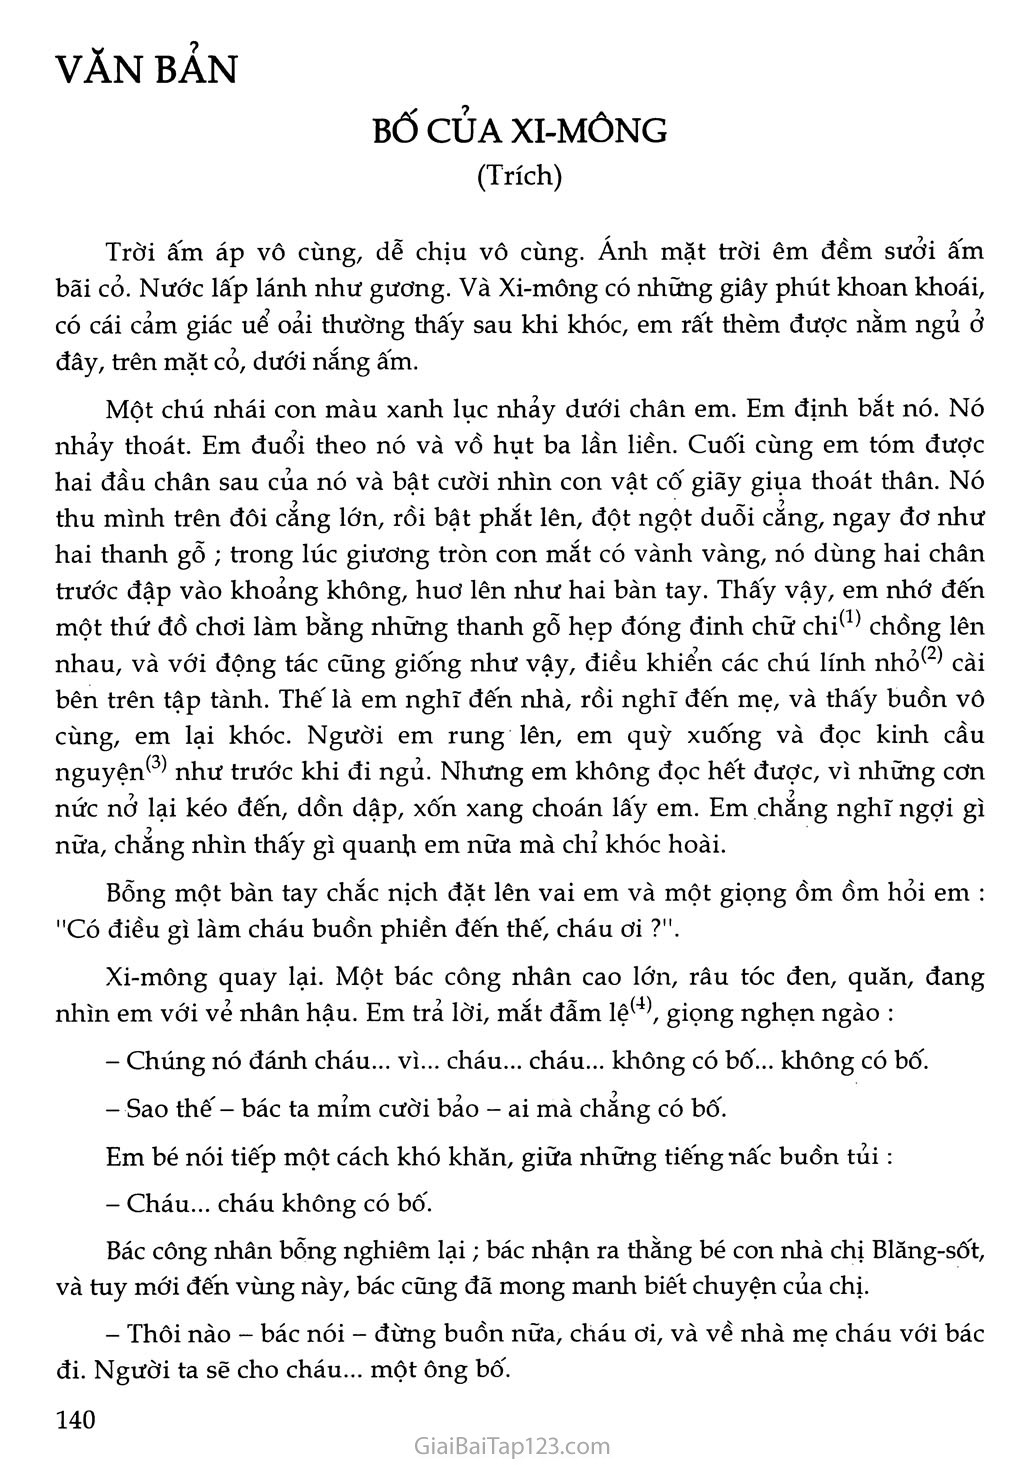 Bố của Xi-mông (trích) trang 2
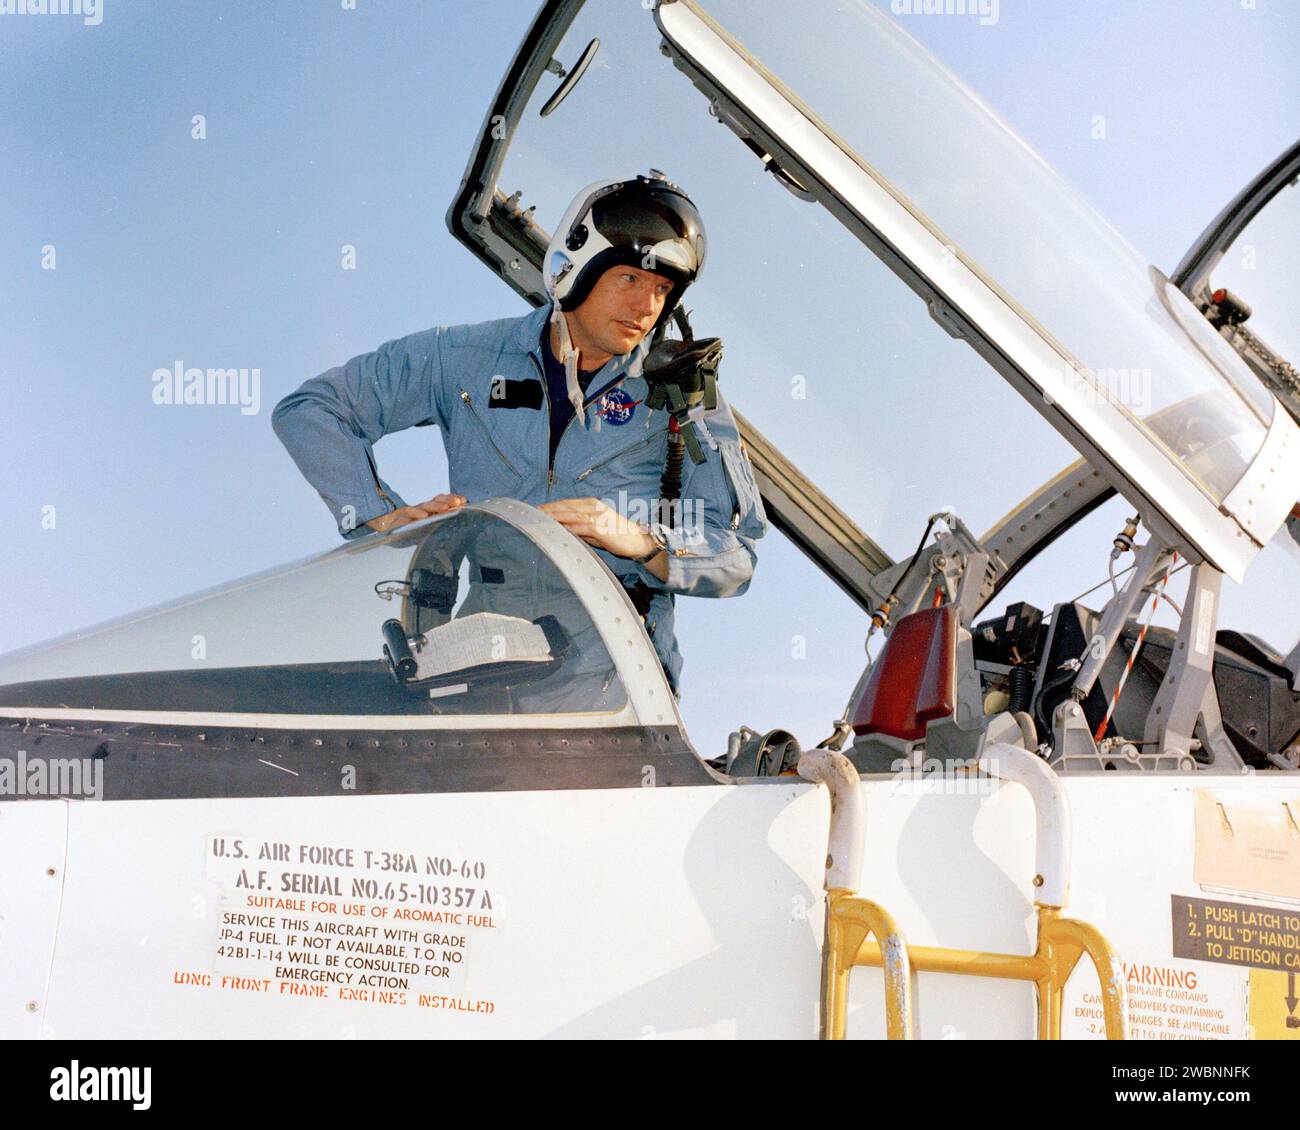 PATRICK AFB, Florida – Zur Vorbereitung der ersten Mondlandungsmission des Landes treffen die Besatzungsmitglieder der Apollo 11 auf der Patrick Air Force Base in Florida ein. Missionskommandant Neil Armstrong steigt aus einem T-38-Jet. Der Start auf einer Trägerrakete Saturn V ist für den 16. Juli 1969 geplant. Während des 11. Apollo wird das Kommandomodul Columbia in einer Umlaufbahn um den Mond bleiben, während das Mondmodul Eagle mit Armstrong und Aldrin auf der Mondoberfläche landet. Während der 2½-stündigen Erdoberfläche plant die Crew, Mondoberflächenmaterial für die Analyse auf der Erde zu sammeln. Stockfoto
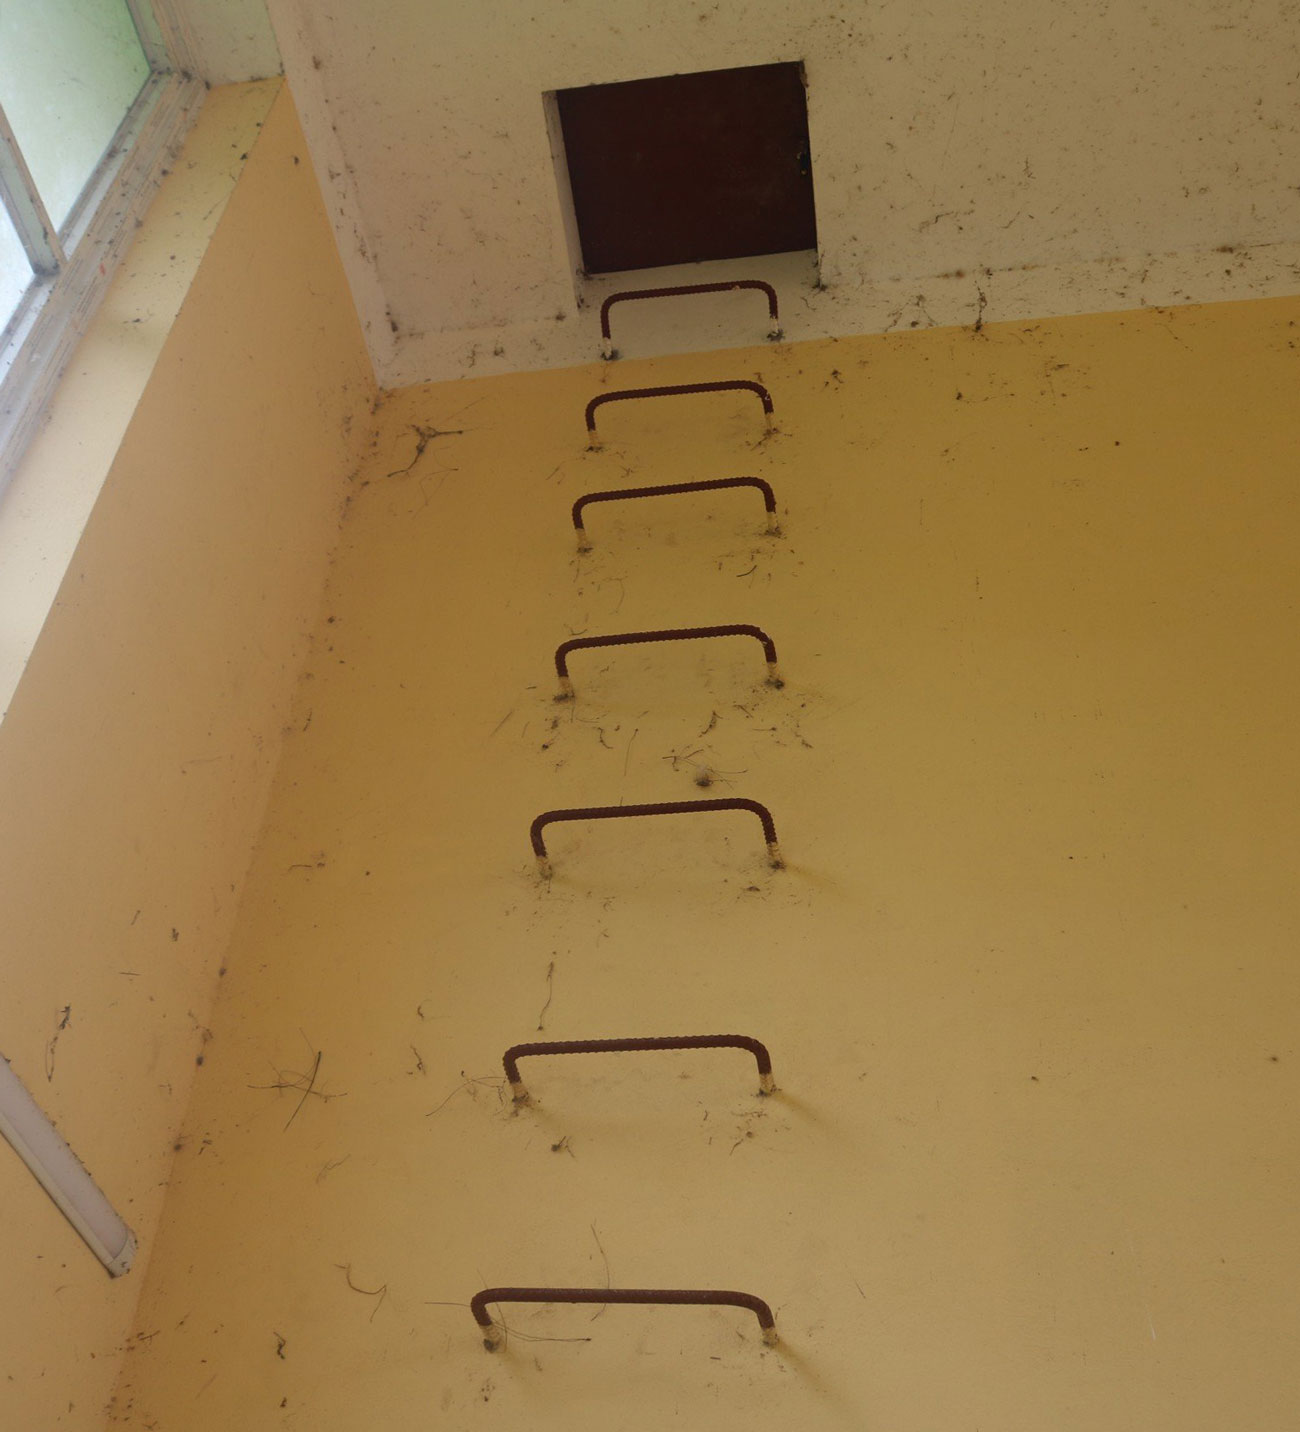  Sau khi leo thang sắt dẫn lên tầng thượng của nhà lớp học 3 tầng, không may nắp đậy lối xuống bị đóng và không thể mở theo chiều ngược lại nên cả 2 cháu bị mắc kẹt tại sân thượng.
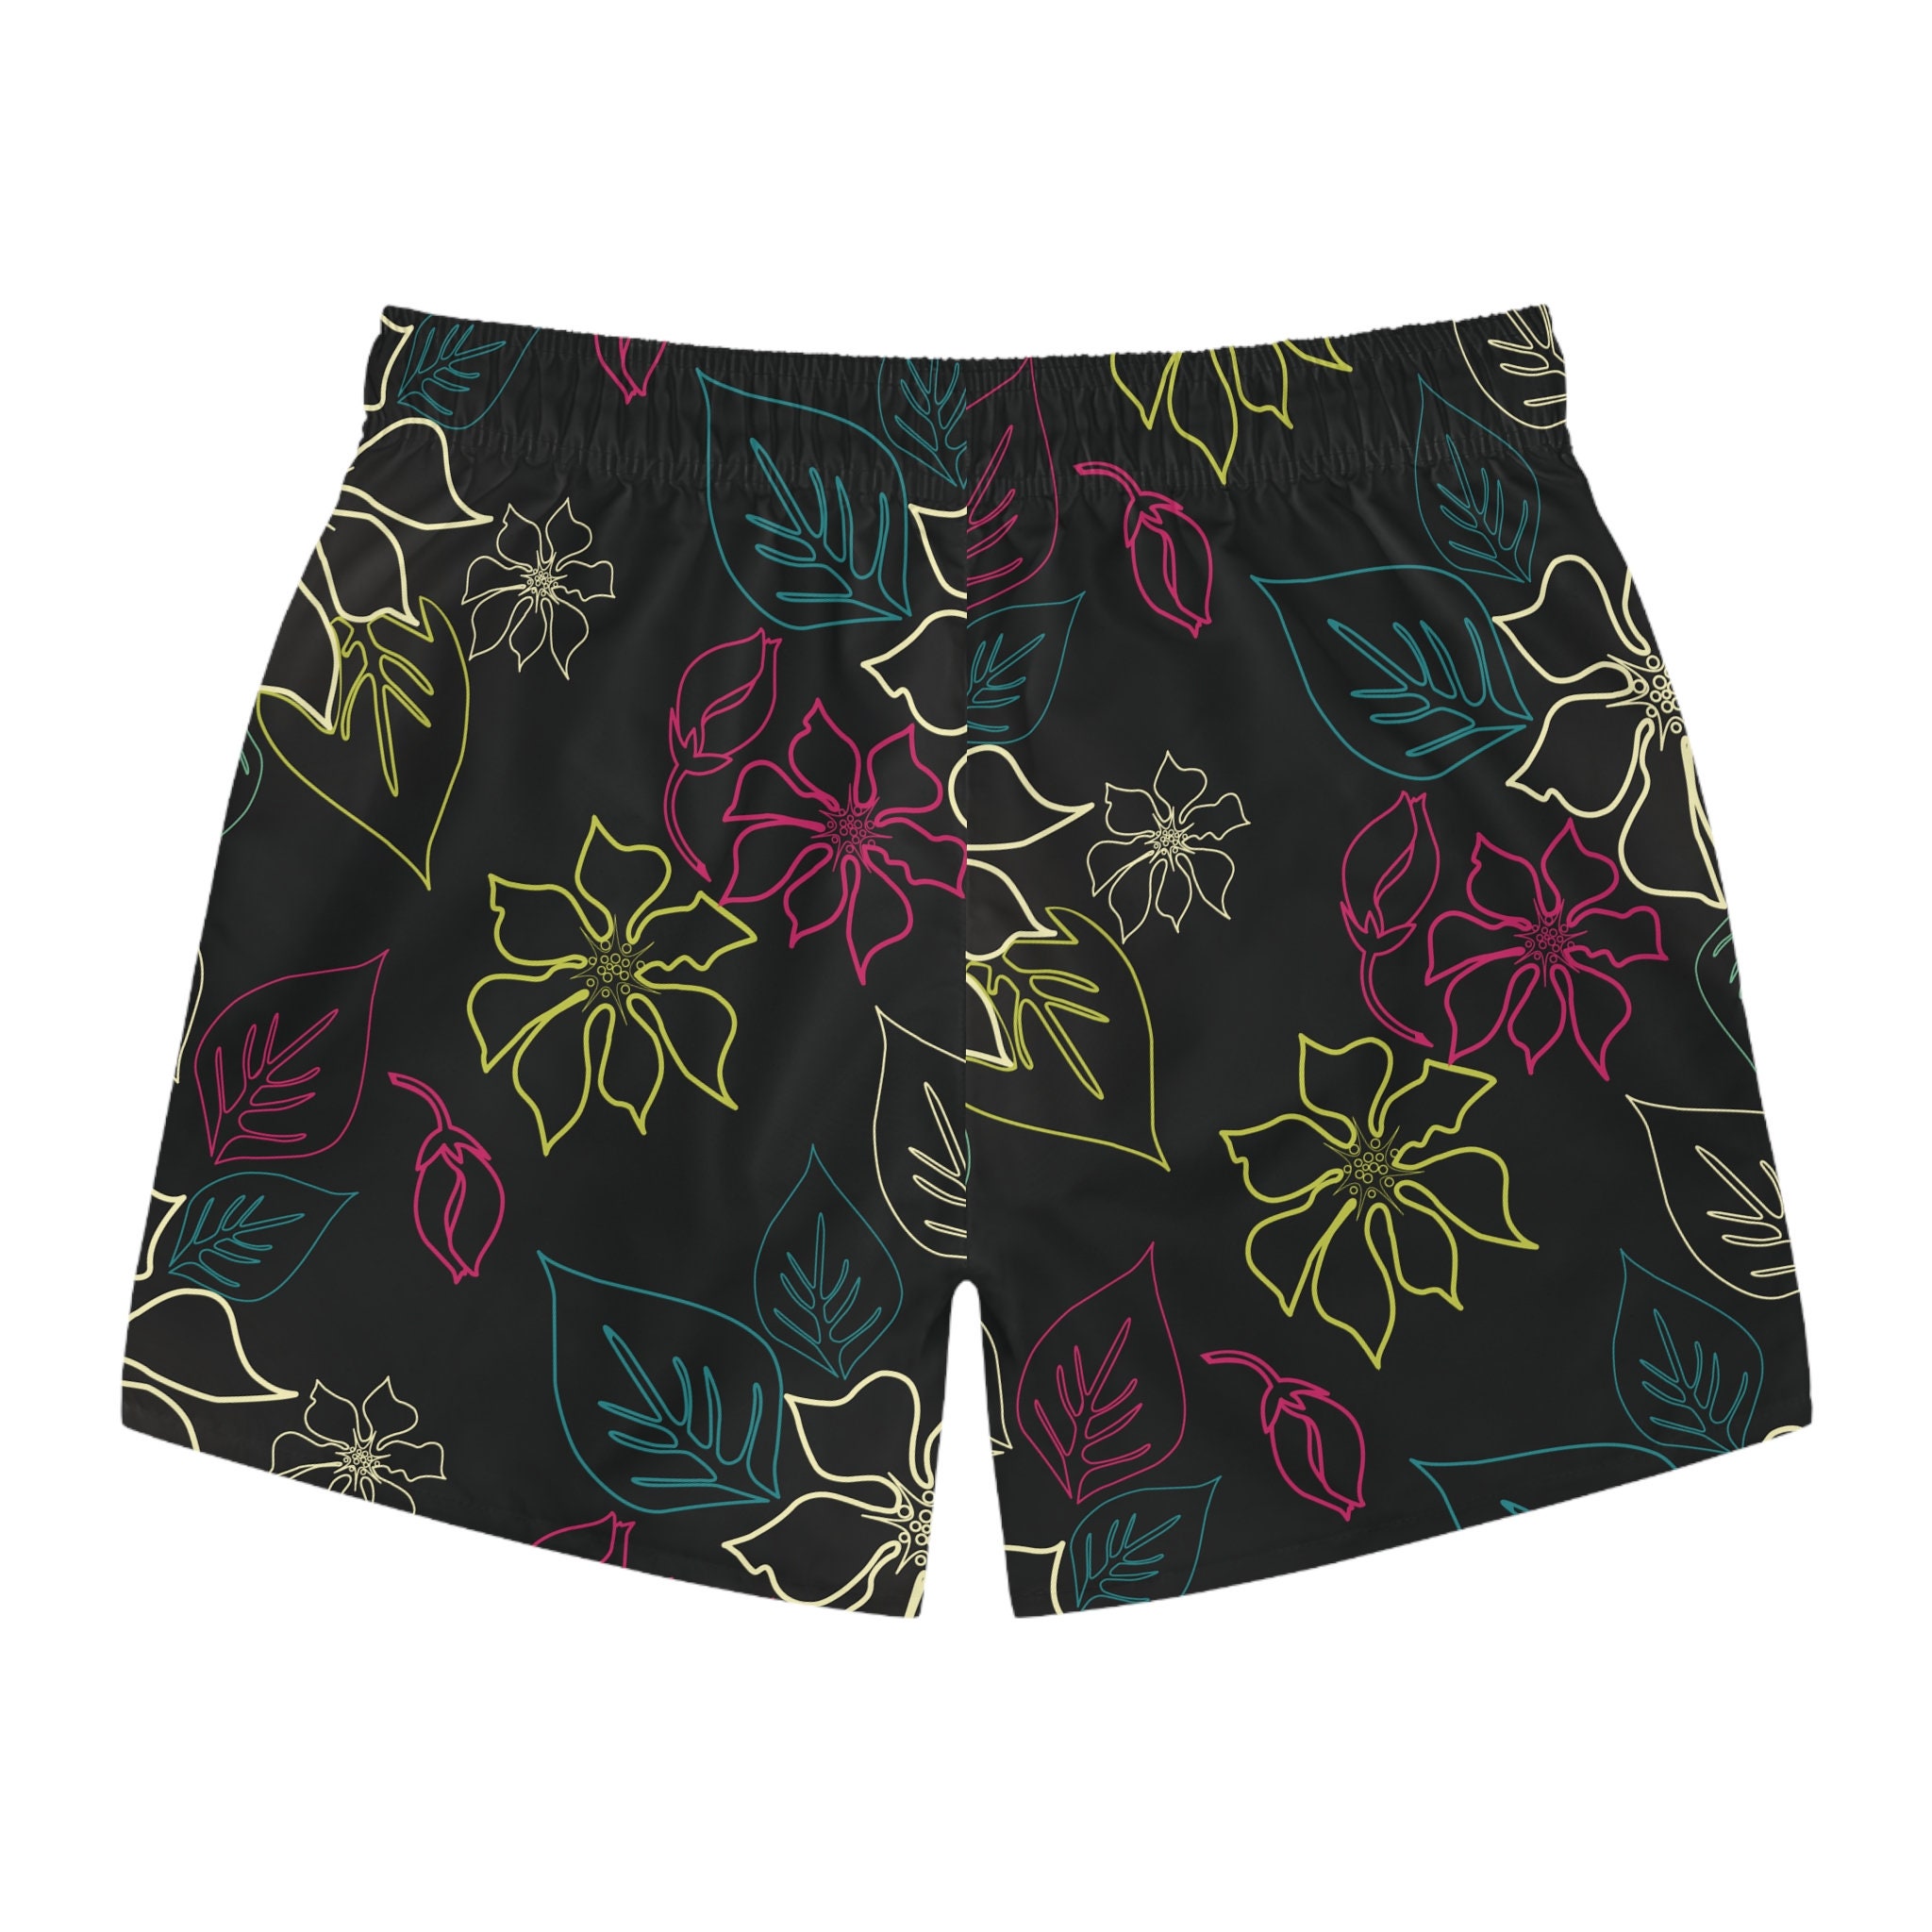 Discover 夏休み ハワイアン ショートパンツ メンズ 3Dショートパンツ 可愛いギフト 男性用ギフト 夏ファッション Summer Travel Vacation Shorts

→ WHAT IS EXPECTED
Give back the exact lines above, running from the one that has "PATRICK AFB, Florida" through the one that has "Sau khi leo", with nothing added and no pictures.

→ TASK SOLUTION
 PATRICK AFB, Florida – Zur Vorbereitung der ersten Mondlandungsmission des Landes treffen die Besatzungsmitglieder der Apollo 11 auf der Patrick Air Force Base in Florida ein. Missionskommandant Neil Armstrong steigt aus einem T-38-Jet. Der Start auf einer Trägerrakete Saturn V ist für den 16. Juli 1969 geplant. Während des 11. Apollo wird das Kommandomodul Columbia in einer Umlaufbahn um den Mond bleiben, während das Mondmodul Eagle mit Armstrong und Aldrin auf der Mondoberfläche landet. Während der 2½-stündigen Erdoberfläche plant die Crew, Mondoberflächenmaterial für die Analyse auf der Erde zu sammeln. Stockfoto
  Sau khi leo thang sắt dẫn lên tầng thượng của nhà lớp học 3 tầng, không may nắp đậy lối xuống bị đóng và không thể mở theo chiều ngược lại nên cả 2 cháu bị mắc kẹt tại sân thượng.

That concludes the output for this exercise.